Mastocytosis is a group of rare disorders caused by the presence of too many mast cells, or (mastocytes), which are part of the immune system. They are located in connective tissue, including the skin and other areas. They release histamines in the body that alert other immune defenses and are thought to play a role in wound healing. No one with too few or no mast cells has been found, which leads doctors to believe that people cannot survive without mast cells. In rare cases chemicals released by mast cells cause changes in the immune system leading to typical allergy symptoms such as: itching, abdominal cramping, or anaphylaxis (shock from allergic or immune causes). The increased number of mast cells in the tissues in mastocytosis is due to acquired genetic mutations in a protein called c-kit. Since this disease is an abnormal increased growth of genetically abnormal blood cells, mastocytosis is classified as a myeloproliferative neoplasm (MPN).

Symptoms and diagnosis

When too many mast cells exist in the body, skin lesions can occur, as can abdominal discomfort, low blood pressure, faintness, bone or muscle pain, nausea, and vomiting. The diagnosis can be expected from the clinical history and physical exam findings. Blood and urine tests are helpful for making the diagnosis and detecting the proteins produced by the mast cells call tryptase and histamine. Biopsies of affected tissue are needed to make the diagnosis. A bone marrow biopsy is commonly done to demonstrate more wide spread, or systemic, disease. Specific tests on biopsy samples are performed to detect the common mutation in the c-kit protein.
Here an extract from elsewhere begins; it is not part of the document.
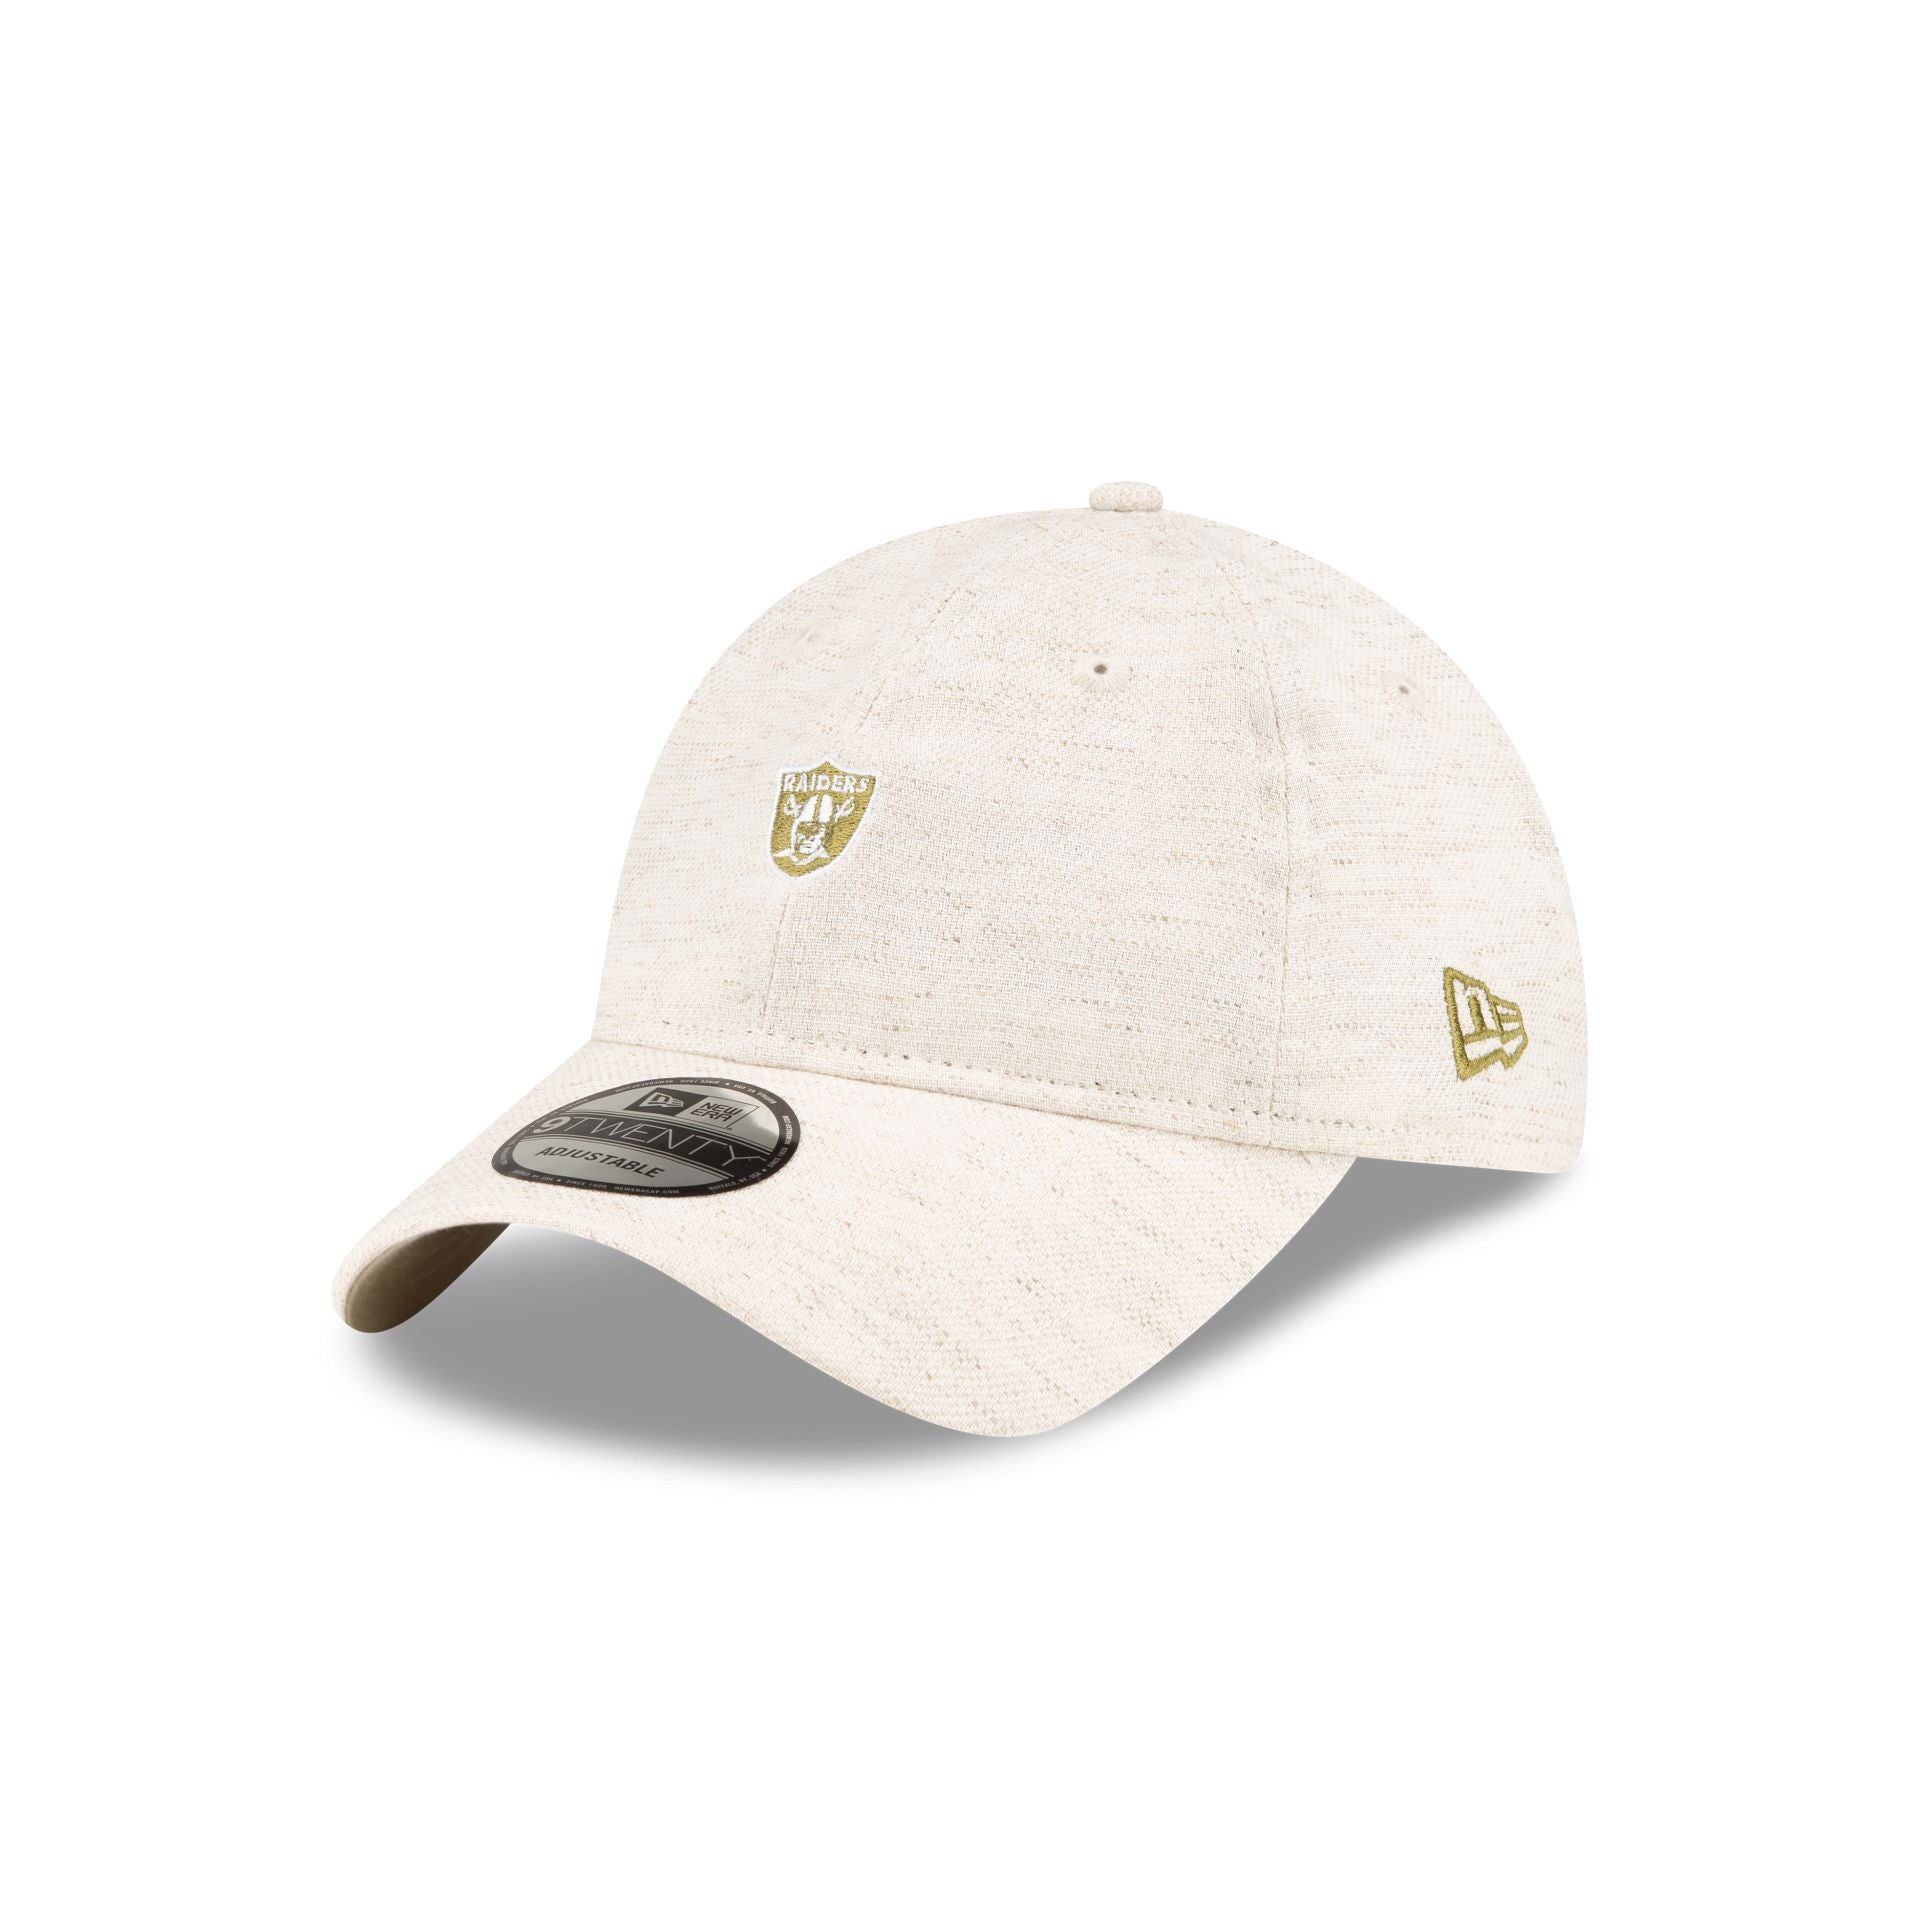 Las Vegas Raiders White Hemp 9TWENTY Adjustable Hat, NFL by New Era

Most cases of mastocytosis in adults are systemic (involving multiple sites) but are mild and do not require much therapy. Treatments are aimed at preventing the effects of the released disease mediators such as anti-histamines. Other medications stabilized the mast cells. Rarely do patients have more aggressive disease with organ involvement that causes low blood counts, liver failure, and malnutrition. For these patients, steroids and chemotherapy may be used but there are currently no good treatments. Newer drugs are being developed that act on the mutated c-kit or similar proteins.  Physicians at Seattle Cancer Care Alliance are participating in clinical trials to test these drugs.